Ссориться с людьми страшно, особенно, если не дай Бог, подключат судью. Там уж и вовсе надеяться не на что, коли с тебя и взять нечего.
Жена все время ворчит, да отчитывает, и все Федьку какого-то своего бывшего вспоминает, какой выбился в люди. А она вот, дура, не с ним. Вот так, был бы богатым, глядишь, купил ей машину, другую, пятую, да квартиру в центре, чтоб после салона могла там подремать на дорожку, ворчала б поменьше.
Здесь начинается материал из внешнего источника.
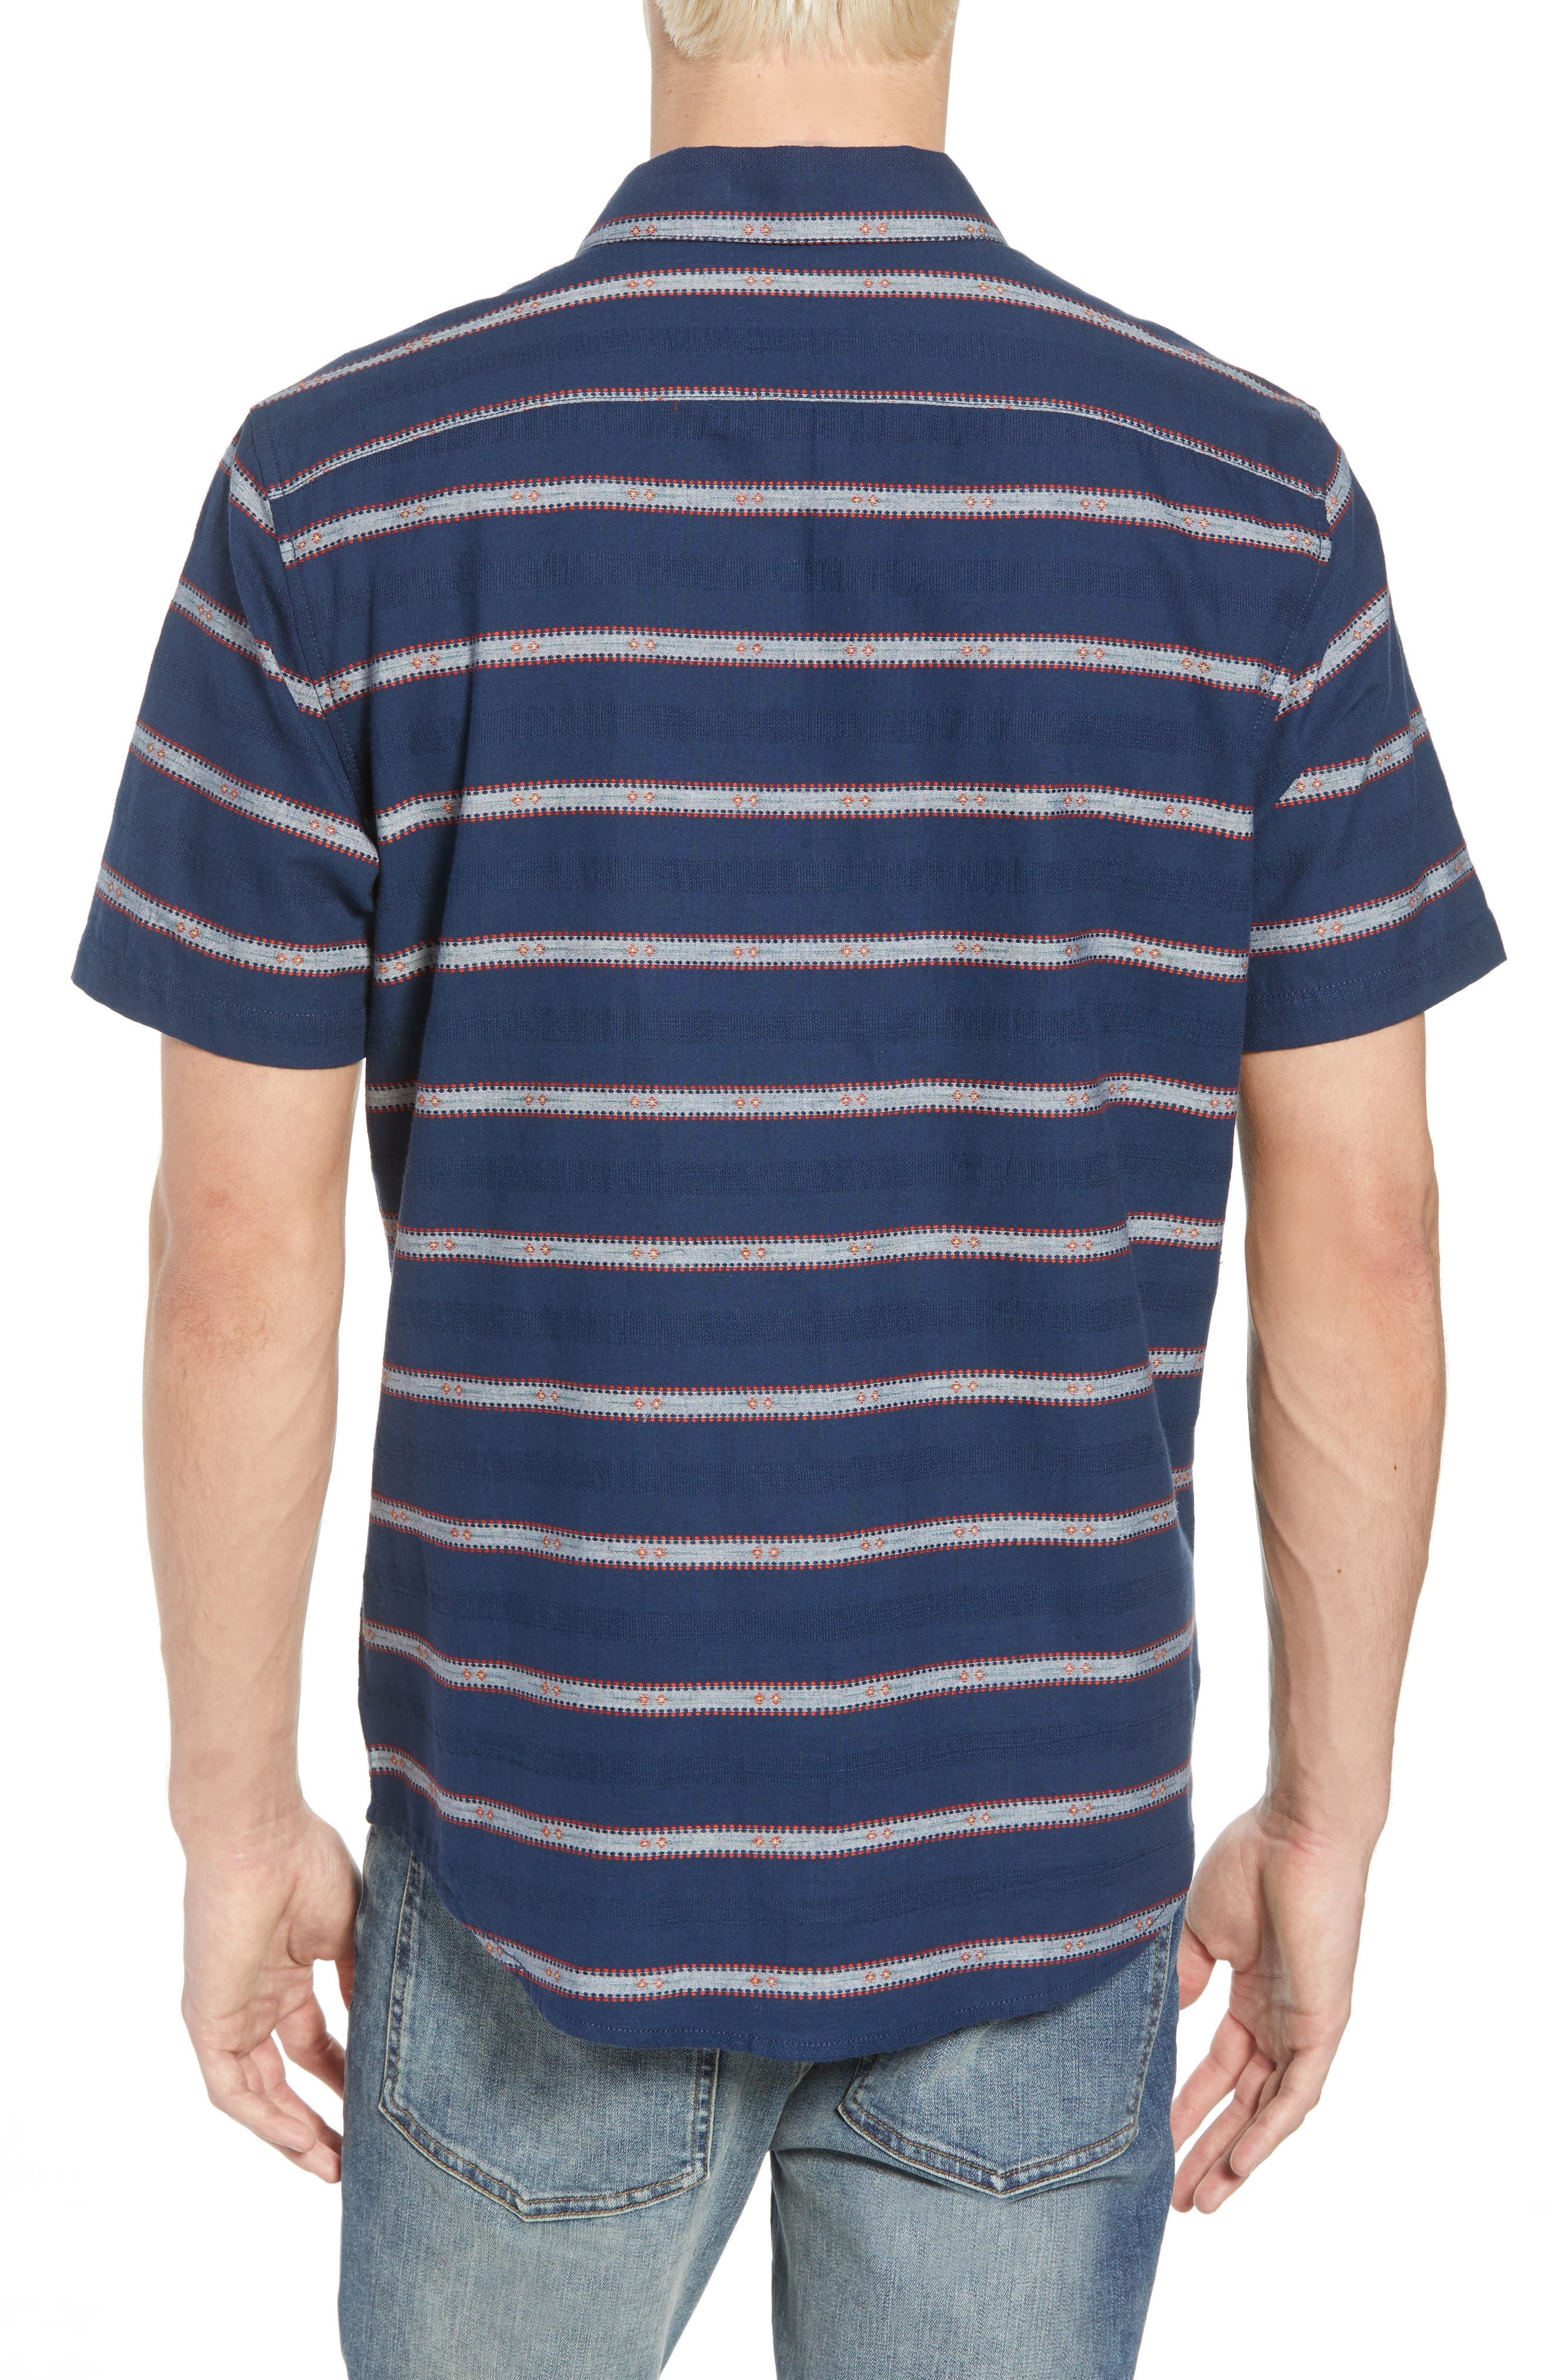 Outer Sunset Woven Shirt,                             Alternate thumbnail 2, color,                             487

С работы идешь если поздно — попадет от жены, а захочешь уйти вовремя — начальник косится неодобрительно. Ну, от жены все одно попадает, лучше из двух зол выбрать и задержаться. Ясно, не для работы – а просто ждешь, когда начальник уйдет. Такая субординация. Неважно, что начальника полдня не было, и он вечерком забежал проглядеть отчеты. Ждешь. А он, гад, не торопится, потому что дома, наверно, тоже скандал в перспективе.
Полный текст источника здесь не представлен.